We target regions with abundant cheap corn/wheat and strong fish/animal feed demand. Corn sugars are cheaper than molasses. Wheat works but requires endo-protease enzymes for gluten, offset somewhat by higher protein.

Country Corn Price Wheat Price
United States 377 MMT/y $157/MT 54 MMT/y $221/MT
China 295 MMT/y $321/MT 140 MMT/y $285/MT
Brazil 132 MMT/y $191/MT 8 MMT/y $231/MT
Argentina 50 MMT/y $174/MT 19 MMT/y $232/MT
Russia+Ukraine 41 MMT/y $175/MT 105 MMT/y $234/MT
India 43 MMT/y $315/MT 113 MMT/y $293/MT
Mexico 25 MMT/y $210/MT 3 MMT/y $262/MT

Who are we?

Hamrick Engineering was founded in 2013 by Edward B. Hamrick.

Edward (Ed) Hamrick graduated with honors from the California Institute of Technology (CalTech) with a degree in Engineering and Applied Science. He worked for three years at NASA/JPL on the International Ultraviolet Explorer and Voyager projects and worked for ten years at Boeing as a Senior Systems Engineer and Engineering Manager. Subsequently, Ed worked for five years at Convex Computer Corporation as a Systems Engineer and Systems Engineering Manager. Ed has been a successful entrepreneur for the past 25 years.

Alex Ablaev, MBA, PhD is Sr. Worldwide Business Developer. Alex previously worked for Genencor's enzymatic hydrolysis division, and is the President of the Russian Biofuels Association as well as General Manager of NanoTaiga, a company in Russia using CelloFuel technologies in Russia.

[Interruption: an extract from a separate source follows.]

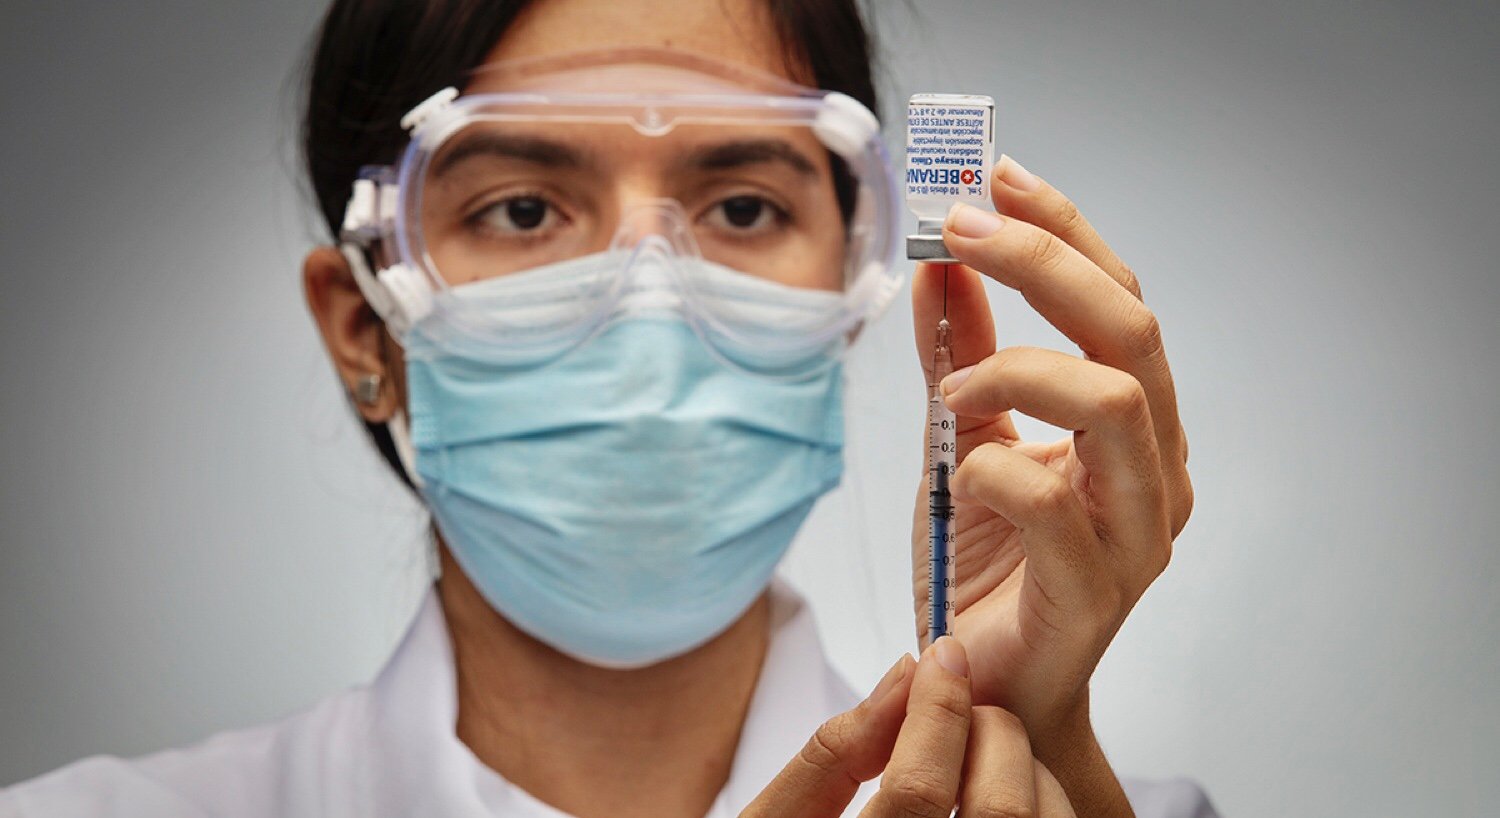 Health worker prepares the administration of a COVID-19 vaccine, Cuba, Jan. 19, 2022.

Alan Pryce, CEng is Chief Engineer. Alan is an experienced professional mechanical engineer - Chartered Engineer (CEng) – Member of the Institute of Mechanical Engineers (IMechE) - with 10+ years’ experience in the mechanical design and project management of factory automation projects in UK and European factories. He has been a Senior Design Consultant and project manager for over 30 years working for Frazer-Nash Consultancy Ltd involved with many design and build contracts in the military, rail, manufacturing, and nuclear industries.

Maria Kharina, PhD, is Sr. Microbiology Scientist. Maria has a PhD in Biotechnology and is a researcher with 10+ years of experience. Maria was a Fulbright Scholar in the USA from 2016-2017.

Beverley Nash is Director of Marketing. Beverley has run Nash Marketing for over 30 years and has extensive experience in marketing planning and development for both new and established businesses. Beverley has worked for many global corporations in the technical marketplace and has been responsible for both the planning and management of many programs dealing with all aspects of company and product growth.

Dr. Ryan P. O'Connor (www.oconnor-company.com) provides intellectual property strategy consulting and patent prosecution. Dr. O'Connor holds a degree in Chemical Engineering from University of Notre Dame and a Ph.D. in Chemical Engineering from University of Minnesota. He has filed more than 1000 U.S. and PCT applications and is admitted to the Patent Bar, United States Patent & Trademark Office.